Затем, без дальнейших разговоров, он схватил лежавший около него хлеб и с такой яростью хватил им пастуха по лицу, что у того от удара приплюснулся нос. Пастух, не любивший шутить, увидав, что его бьют не в шутку, бросился на Дон-Кихота, не обращая внимания ни на ковер, ни на скатерть, ни на обедавших, и схватил его обеими руками за горло. Он непременно задушил бы его, если бы не подоспел во время Санчо Панса и, схватив пастуха за плечи, не повалил его навзничь на ковер, перебив притом все тарелки и стаканы и разлив все их содержимое. Очутившись на свободе, Дон-Кихот засел на живот пастуха, который, с окровавленным лицом и поколоченный Санчо, ощупью искал ножа, чтобы произвести кровавое мщение. Но каноник и священник помешали ему. Цирюльник же помог пастуху в свою очередь подмять под себя Дон-Кихота, и тогда на лицо бедного рыцаря посыпался такой град ударов, что оно вскоре оказалось таким же окровавленным, как и лицо пастуха. При виде такого зрелища каноник и священник хохотали, ухватившись за бока, стрелки покатывались со смеху и все при этом натравливали дерущихся друг на друга, точно грызущихся собак. Один Санчо Панса приходил в отчаяние от того, что ему никак не удавалось отделаться от слуги каноника, не пускавшего его пойти помочь его господину. В то время, как происходила эта потеха и двое силачей угощали друг друга тумаками, вдруг послышался печальный и заунывный звук трубы, заставивший всех обернуться в сторону, откуда он раздавался. Более всех взволновался, услыхав его, Дон-Кихот, который, наполовину избитый, продолжал поневоле лежать под пастухом.
– Послушай, брат дьявол, – сказал он пастуху, – ибо никем иным ты же можешь быть, раз твоя сила превзошла мою, – прошу тебя, заключим перемирие только на один час, мне кажется, что этот печальный звук трубы, поразивший мой слух, призывает меня на какое-нибудь приключение.

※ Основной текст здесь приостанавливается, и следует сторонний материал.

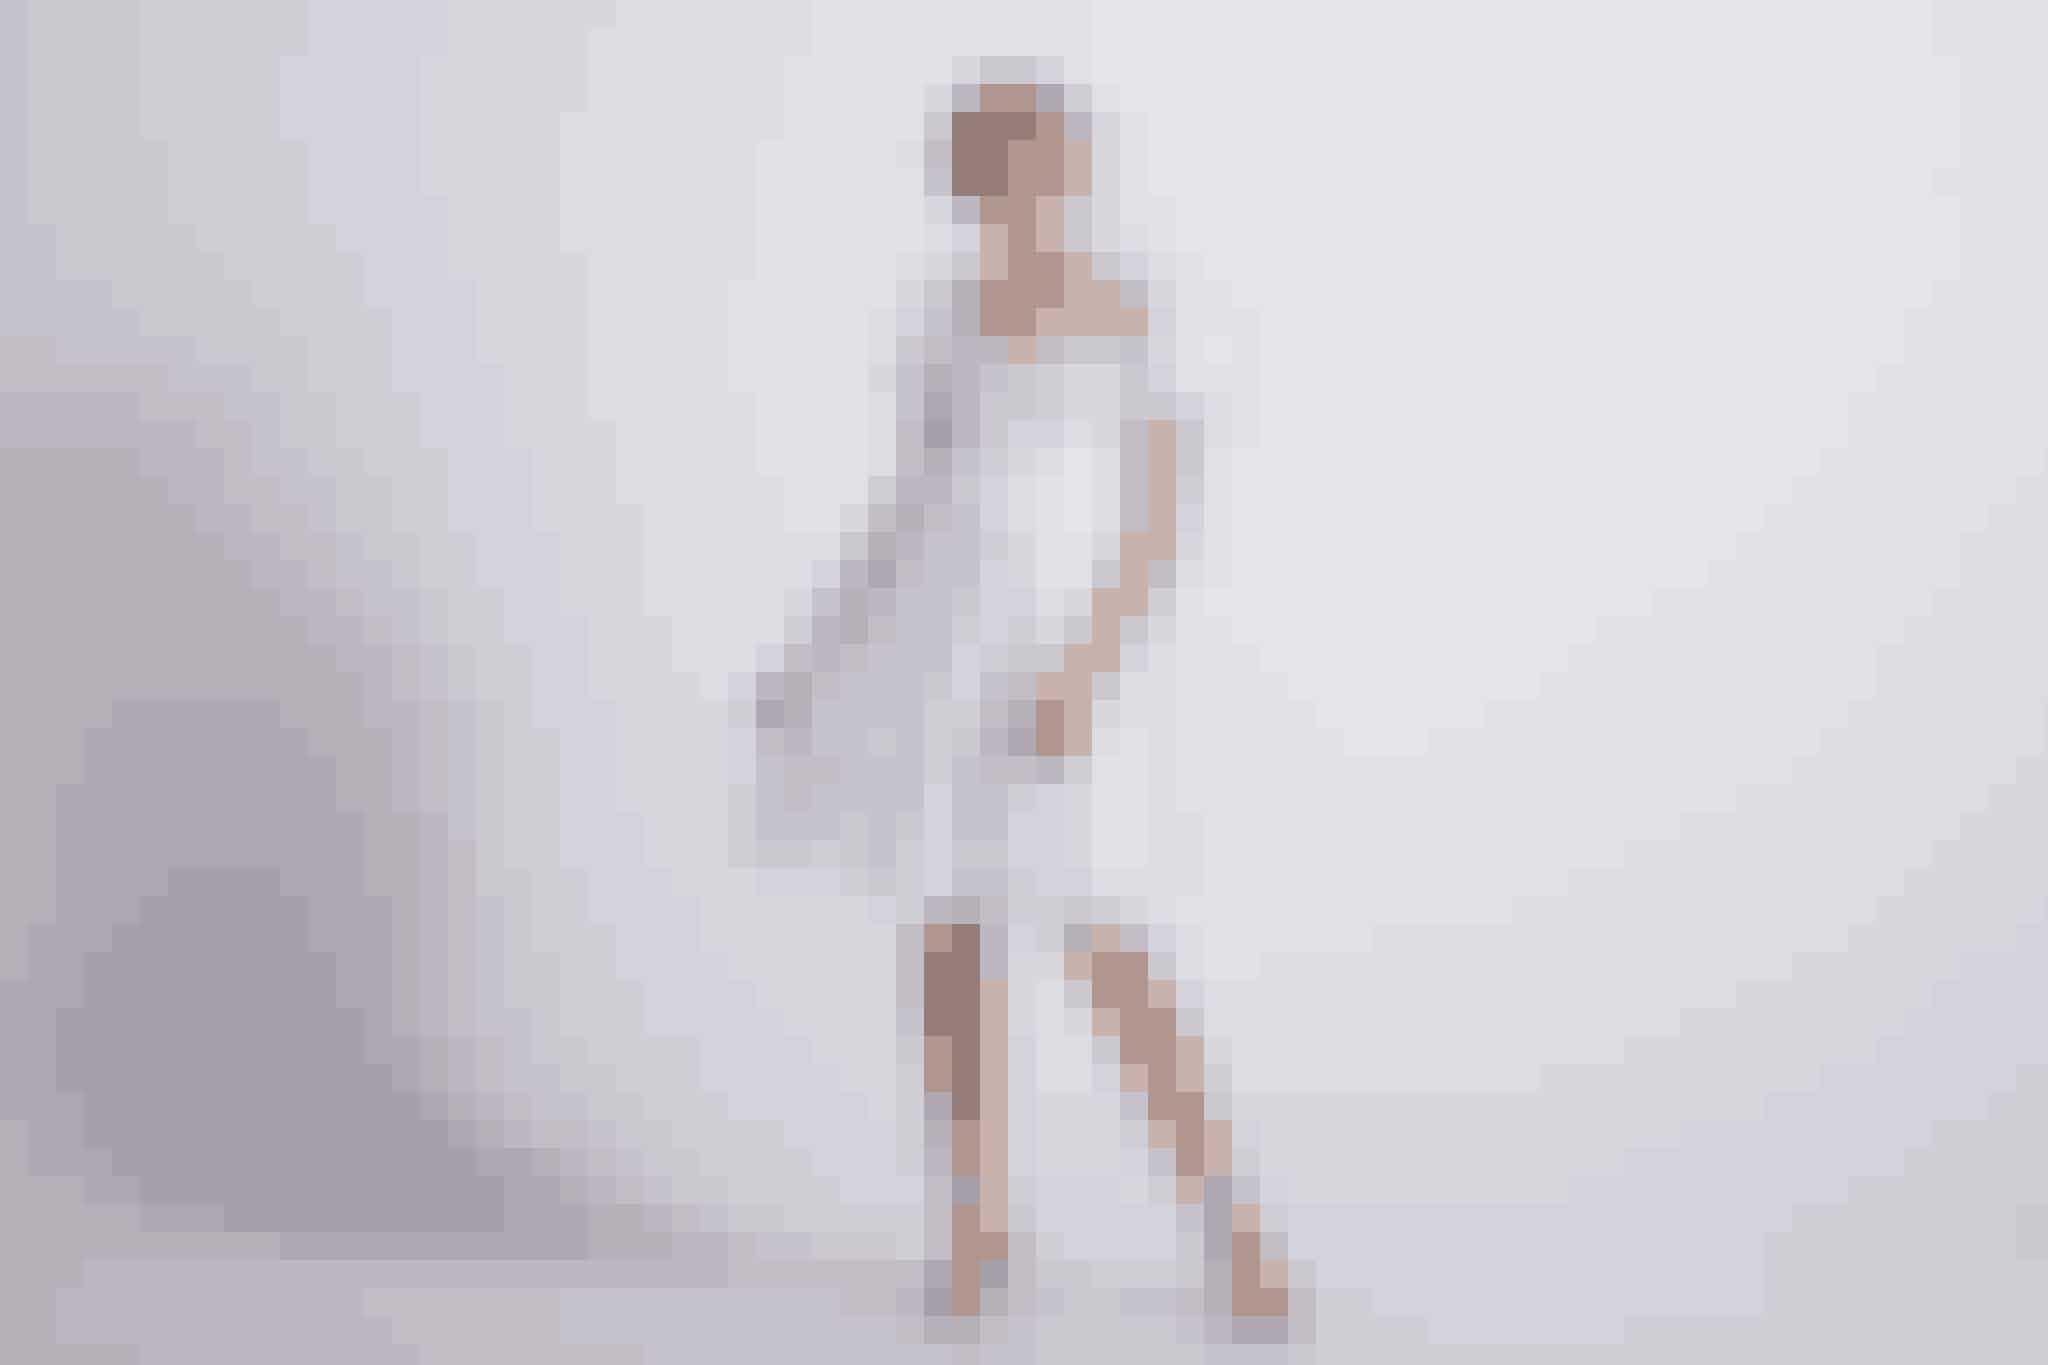 Livlig, energisk og en charmetroldDu er en rigtig charmetrold fyldt med energi! Derfor er en kjole, der både er sød og afslappet, helt perfekt til dig med et par fine høje hæle til. Find den hos Lilly.dk til 2.499 kroner lige her.

Пастух, которому уже надоело бить и быть битым, сейчас же выпустил его, и Дон-Кихот, став на ноги, обратил свои глаза в ту сторону, откуда слышался шум, и увидал множество людей, спускающихся по склону холма и одетых, подобно кающимся, в белые одежды. Дело было в том, что в этом году небо долго не орошало земли дождем и во всех окрестных деревнях устраивались молебны и крестные ходы, дабы Господь отверз руку своего милосердия и ниспослал благодать своего дождя. По той же причине и жители одной соседней деревушки отправились крестным ходом к почитаемому ими за святое месту на одном из холмов этой долины.
Дон-Кихот, увидав странные одеяния кающихся и совершенно позабыв, что он тысячу и один раз видал прежде подобные же процессии, вообразил, что вновь представляется какое-нибудь приключение и что ему одному, как странствующему рыцарю, надлежит предпринять его. В этом безумном решении его подкрепило в особенности то, что покрытую трауром статую Мадонны он принял да благородную и могущественную даму, увозимую какими-нибудь вероломными негодяями. Забрав себе в голову эту мысль, он со всех ног бросился ловить пасшегося на лугу Россинанта и, отвязав от седла узду и щит, мгновенно взнуздал своего коня; затем, потребовав у Санчо свой меч, он вскочил на Россинанта, надел на руку свой щит и громким голосом сказал своим безмолвно смотревшим на него спутникам:
– Теперь, почтенное общество, вы увидите, как важно для мира существование странствующих рыцарей; теперь, говорю я, после освобождения этой пленной дамы, вы убедитесь, следует ли уважать странствующих рыцарей.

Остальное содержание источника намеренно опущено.